El cañonazo de los cañones de la primera señal se ha silenciado; los hombres ajenos, de otros lados y cubiertos, ahora de a pie, se tumban sobre los pastos tiernos de la ribera; vísperas del asalto y en realidad guerreros incompletos, puesto que ignoran la cara, los gestos, los odios, del enemigo, y se abandonan a aquel indiscutido código de sus vidas, flojos los almetes, la barbera caída, desprendidos los codales y rodilleras, abiertos, desguarnecidos, los petos y escarcelas. Y entonces el cielo parece como antes, común para todos, y la sonaja blanca de los caballos, los caminos abiertos y el abrigo de peñas y arboledas les sirve de cobejera.

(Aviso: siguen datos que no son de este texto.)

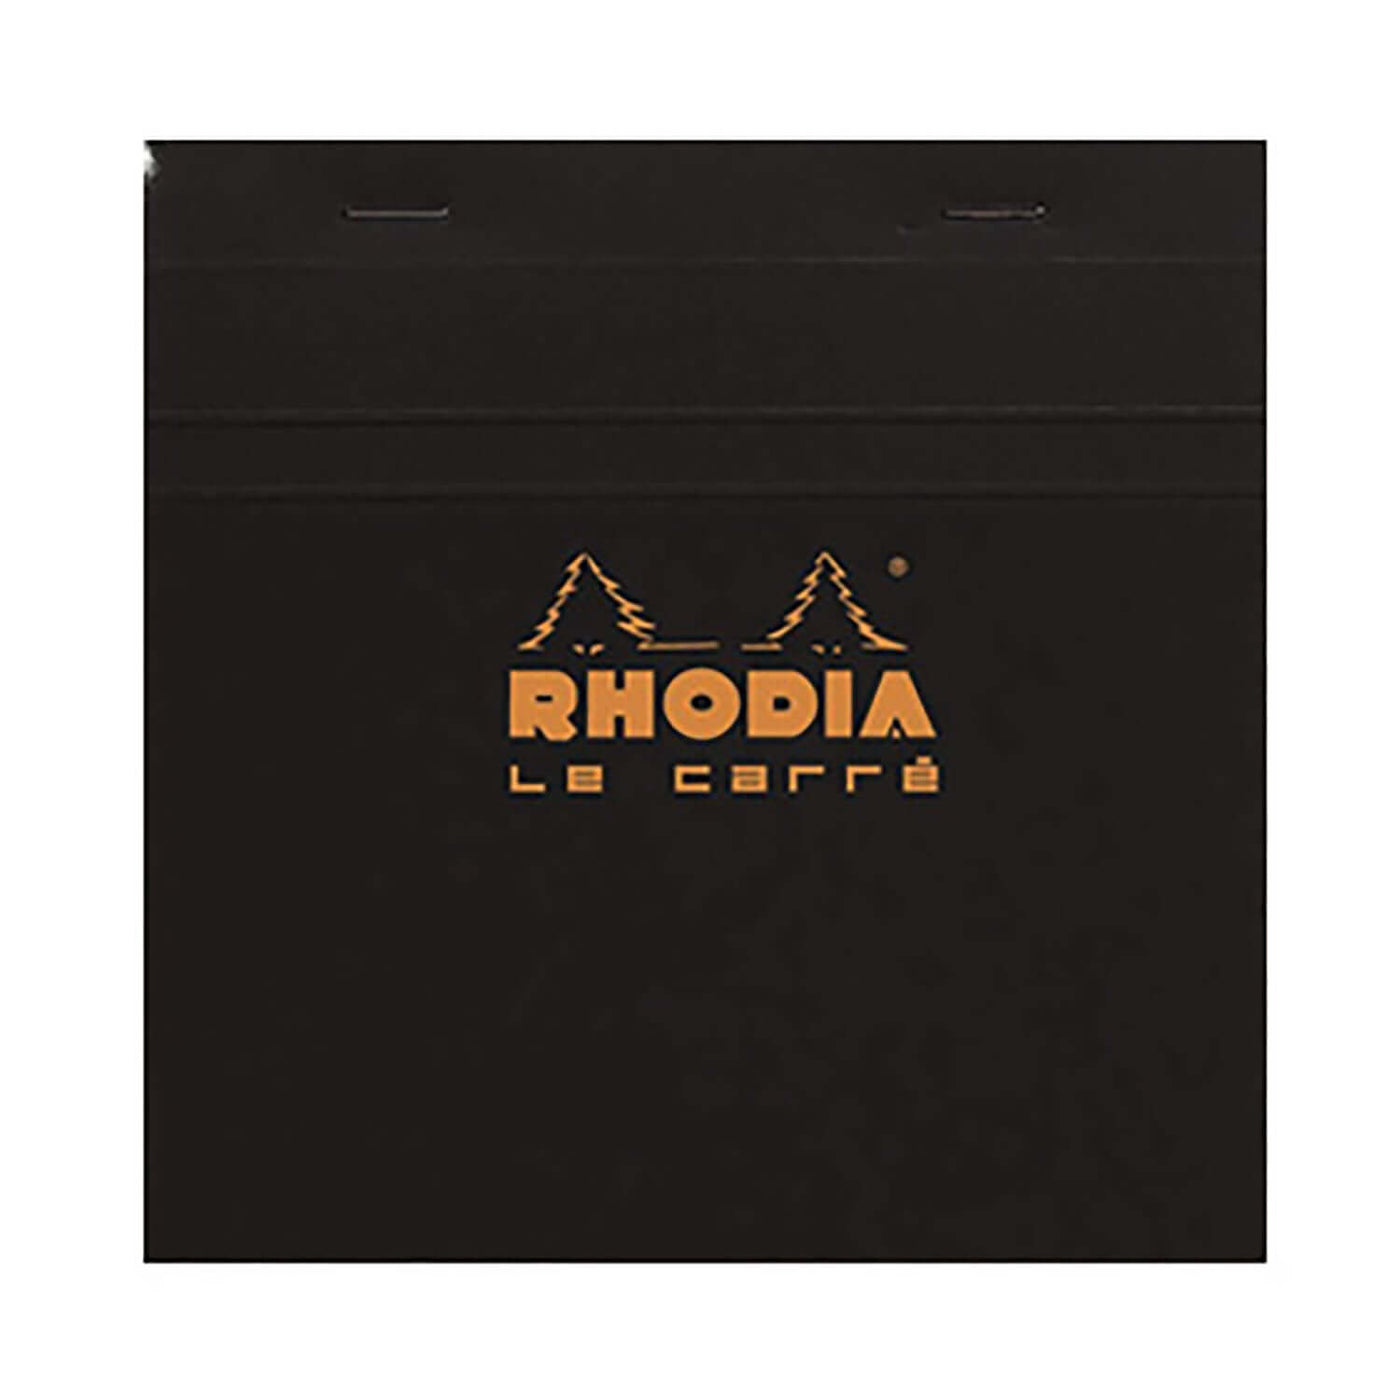 Rhodia Le Carre Notepad, Black - Ruled 2

Temblando de frío, inmóviles y parapetados, los que aguaitan el avance esperan, confundiendo la fe con el entusiasmo por la muerte. Abajo, junto al ropaje blindado, hay risas y vueltas de vino. Y es el quinto augurio, el del ebrio, el último.

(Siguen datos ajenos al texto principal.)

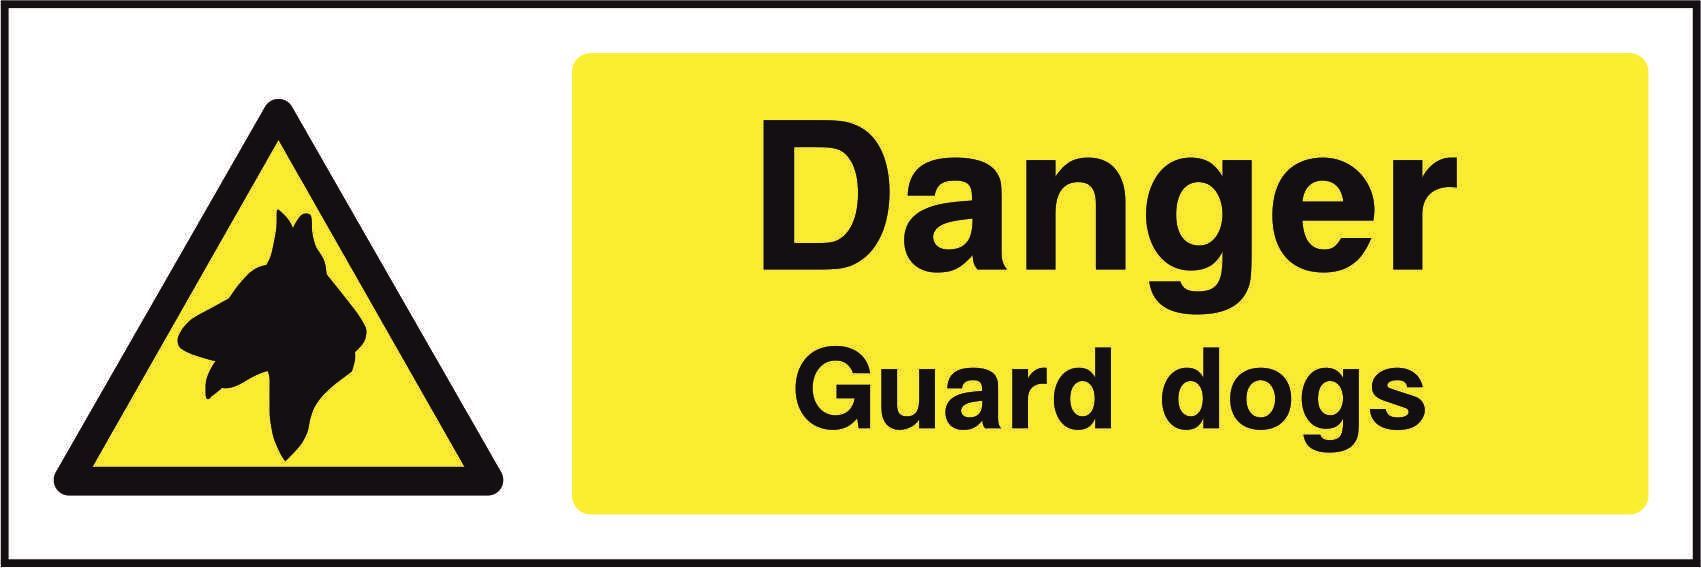 Danger Guard dogs

El centinela baja el brazo. El que lleva la pluma como insignia de mando hace la señal; varios le siguen. Al fondo, en plena vega, junto a un charco de agua claro, inerme de sus fierros y apeado, está, borracho, uno de aquellos hombres raros, invasores recienvenidos; nosotros levantamos las dagas de laja, las agudas puntas de obsidiana, los cuchillos, sobre el soldado sin su pectoral, indefenso y ebrio, enajenado por esa noche sobre la tierra que parecía inocua y azul; torpeza y culpa –dicen- que habríamos de pagar.

A la orden, tanques y carriers avanzan, muerto el soldado. Un hombre flaco baja el brazo, discrepan los armamentos y los que vienen azuzados, serpenteando, buscando, se lanzan sobre la noche dando gritos, sobre este país que aún no acierta a descubrir de qué lado están los propios y los ajenos, el alba, la oscuridad.